Hey Concordia, I hope you’re enjoying the snow. As I write this, it’s currently seven degrees and sunny outside.
By the time this comes to print, it will have been one month and a few days since I stepped off Air Transat flight TS110, direct from Montreal to Charles de Gaulle airport in Paris. One month has passed since I uprooted and moved across an ocean.
I’ve seen the Eiffel Tower, visited a small section of the Louvre, and climbed to the top of the Notre-Dame Cathedral and the Arc de Triomphe. All of these landmarks that have appeared in countless tourism brochures and History Channel documentaries are now within walking distance.
I like it here. The city has a constant bustle, a humming that never stops. I’ve lost count of the times I’ve stumbled upon a statue or a church tucked away between apartment buildings. Everywhere you look, there are hidden treasures to be found. Everything has a story. It’s a constant battle to both admire the architecture above and, at the same time, look down at the cobblestone streets. And although they are very nice to look at, the main concern when walking
around is stepping in dog poop, as Parisian law does not require dog owners to clean it up. Yuck.
Even so, every day is an adventure. In one month, I’ve witnessed three major protests in these streets, and that’s not counting the ones I’ve heard from afar.
Things are so different here, yet I see reflections of home in these Parisian streets. Walking down boulevard Saint-Germain, I feel like I’m back in Montreal, walking along Saint Catherine Street. Although I don’t really consider myself a tourist, I don’t consider myself a local yet either. I don’t know if I ever really will, but for now this is my home, my city.

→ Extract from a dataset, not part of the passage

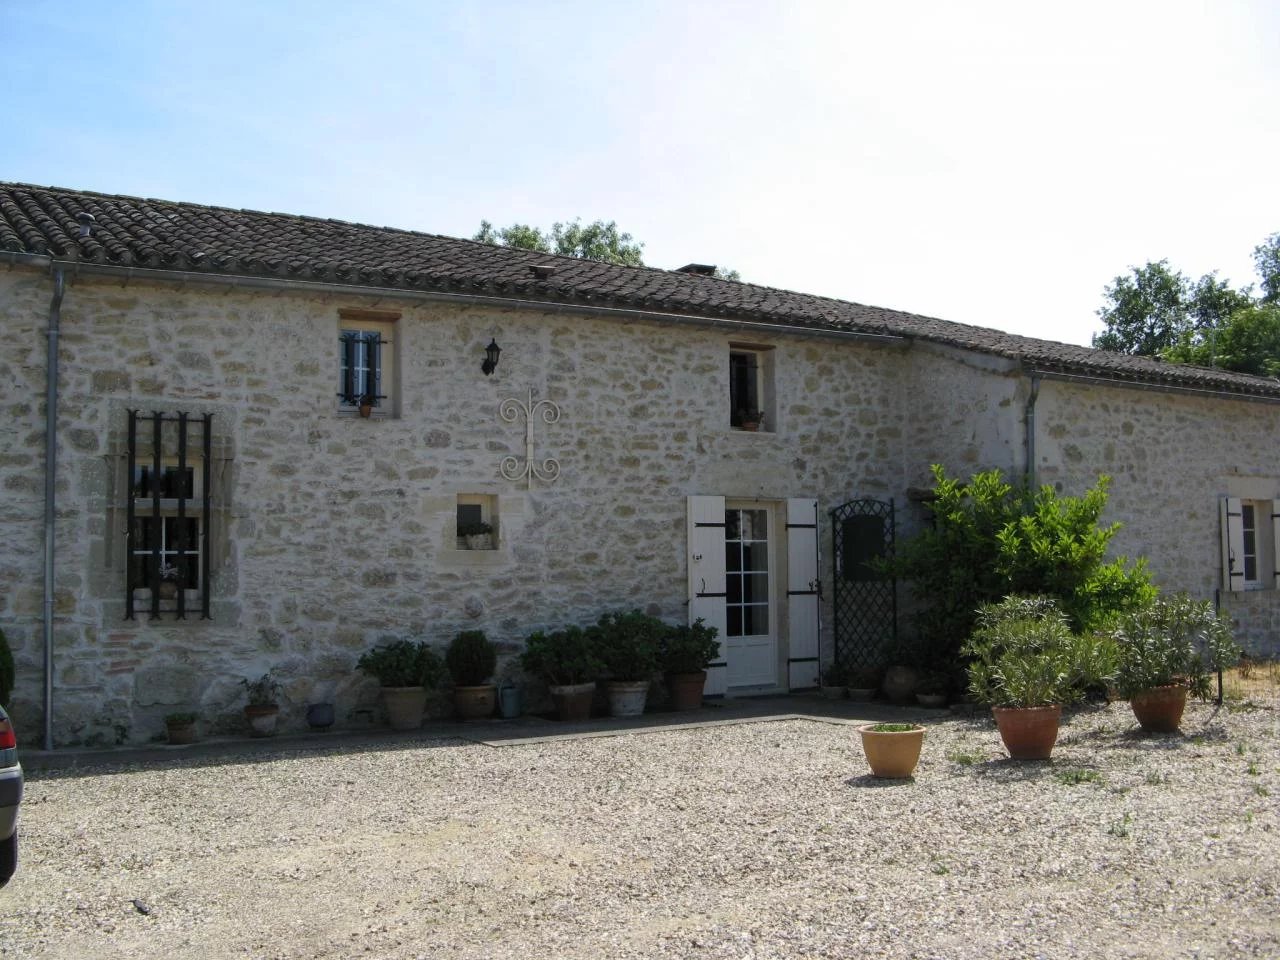 Investment Opportunity - Large stone property with 3 houses, barn and land near Monségur

I think the strangest thing I’ve had to adapt to here would be seeing grass in January/February instead of a white blanket of snow. It was quite the culture shock when I stepped off the plane. That, and the insanely overzealous administration procedures here. Getting a fidelity card to the closest market was an extremely tedious process. I needed a secret code and a pin number.
I’d be lying if I said I didn’t miss home sometimes. For all that can be said of Montreal, it is a friendly place.
The locals pick up on my accent right away here, whether I speak English or French.
At my school, Sciences Po Paris, there are people attending from all around the world. The school itself is an international one, and all students must spend at least a year abroad. I’ve met students from Australia, Scotland, China, the US, and a surprising amount of Canadians, mostly Montrealers.
Although, I haven’t dared to exit the city just yet, my spring break will be spent traveling through Belgium, the Netherlands and Germany. Everything is so close here that planning where I want to go next is almost difficult .
Although I miss Montreal and poutine week, Paris is a pretty good stand-in.